Immigrating From South Korea to The United States

Learn the various pathways of immigration to The United States, including family-sponsorship and employment.

Interested in Immigrating to the US from South Korea?

Since the Immigration Act of 1965, Korean immigration to the United States has grown rapidly, increasing from 39,000 in 1970 to 290,000 in 1980, and finally to 1.1 million in 2010. Modern emigration from South Korea has brought to the US many educated and skilled individuals, making the Korean immigrant group one of the most successful in the US. Though immigration has slowed since 2010, the South Korean immigrant population in the United States is still the largest in the world, with a population of 1 million.

South Korean Community in the United States

As of 2015, 31% of Korean-American immigrants resided in California, 9% in New York, and 7% in New Jersey, making up almost half of the United States’ Korean migrant population. Many have also settled in Washington DC and Illinois. Korean immigrants have a much higher naturalization rate than that of the overall immigrant population, with a 61% naturalization rate versus 48%.

Immigration Process

The majority of Korean immigrants to the US receive their Green Card through employment or as immediate relatives of US citizens. However, there are a variety of different ways to obtain lawful permanent residence (LPR) that include both employment-based and family-based preferences.

Working in the US

Employment is one of the major pathways to immigration, and is especially common among Korean immigrants. In 2015, for example, 56% of the 17,000 naturalized Korean immigrants to the US were sponsored by employers. The two main categories of work visas that an immigrant may apply for are immigrant and non-immigrant visas. Immigrant work visas include the EB-1 and EB-2, both which lead directly to the receipt of a Green Card soon after entry. Non-immigrant work visas are temporary and include the H-1B, L-1, O-1, and E-1. If an individual wishes to become a permanent resident of the US after entering with a non-immigrant work visa, they may be eligible to change their classification and apply for an immigrant work visa while in the States. Speaking to an immigration specialist is also helpful in determining eligibility, as well as which visa is right for each individual.

Family Sponsorship

The two main family-based visa categories are Immediate Relative and Family Preference. The visa most suitable for each individual immigrant will depend on their relationship to family members in the United States. Common among Korean immigrants is sponsorship by US citizens who are immediate relatives, as 38% of the 17,000 migrants who became LPRs in 2015 entered as such.
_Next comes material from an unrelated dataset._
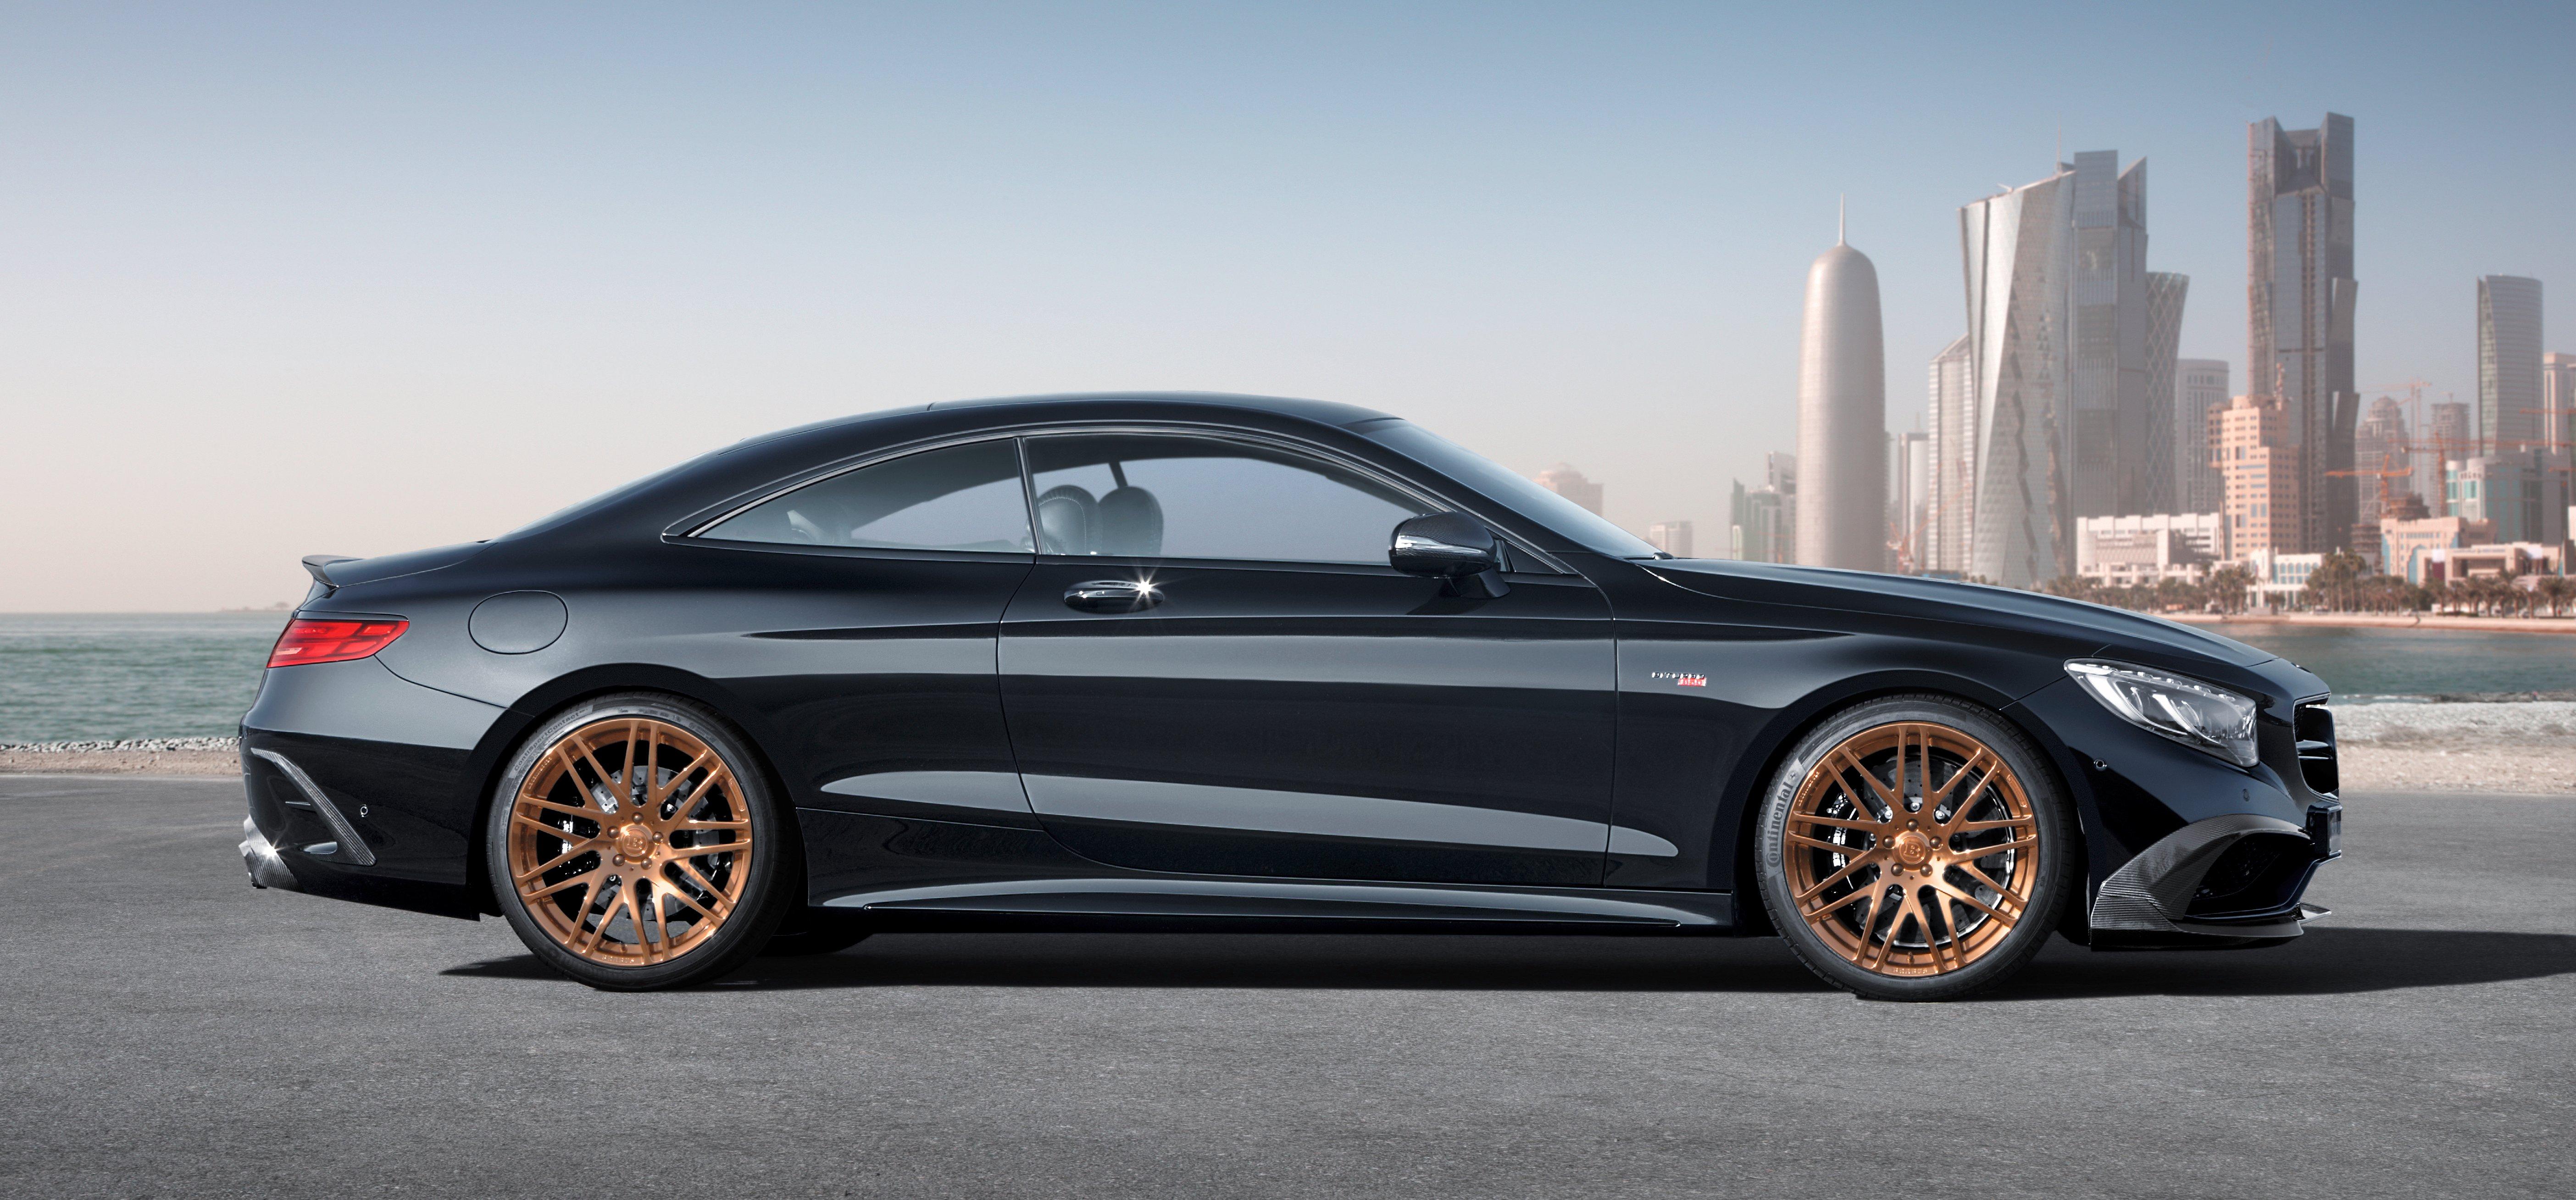 Mercedes Benz A Amg Top Speed

Resources for South Koreans in the US

  • The National Association of Korean Americans (NAKA) was founded in 1994 "as a non-profit, civil and human rights organization of concerned Korean Americans." Its goal is to help protect the civil rights of Korean Americans along with others in the US, to promote cooperation and understanding between the Korean American community and other racial and ethnic groups in the US, and to develop and articulate the culture and shared values of the Korean American community.
  • The Council of Korean Americans is a non-profit organization whose members include successful leaders in business, the arts and sciences, law, academia, and government in the Korean American community. Their goal is to give back to and advance opportunity for Korean Americans, increasing their voice, visibility, and influence as a community.
  • The Korean American Historical Society is a non-profit organization that was founded in 1985 with the goal of "enriching the collective memory of Korean Americans through collecting, maintaining, and transmitting the heritage and achievements of Koreans living in the United States and abroad."
  • The Korean American Coalition is a non-profit organization that works to promote the civic and civil rights interests of the Korean American community "through education, community organizing, leadership development, and coalition-building with diverse communities." The coalition has various chapters throughout the US, including Los Angeles (the earliest established), Atlanta, Washington, Oregon, Chicago, and Texas.
  • The US Embassy and Consulate in South Korea provides helpful information regarding immigration and the visa application process.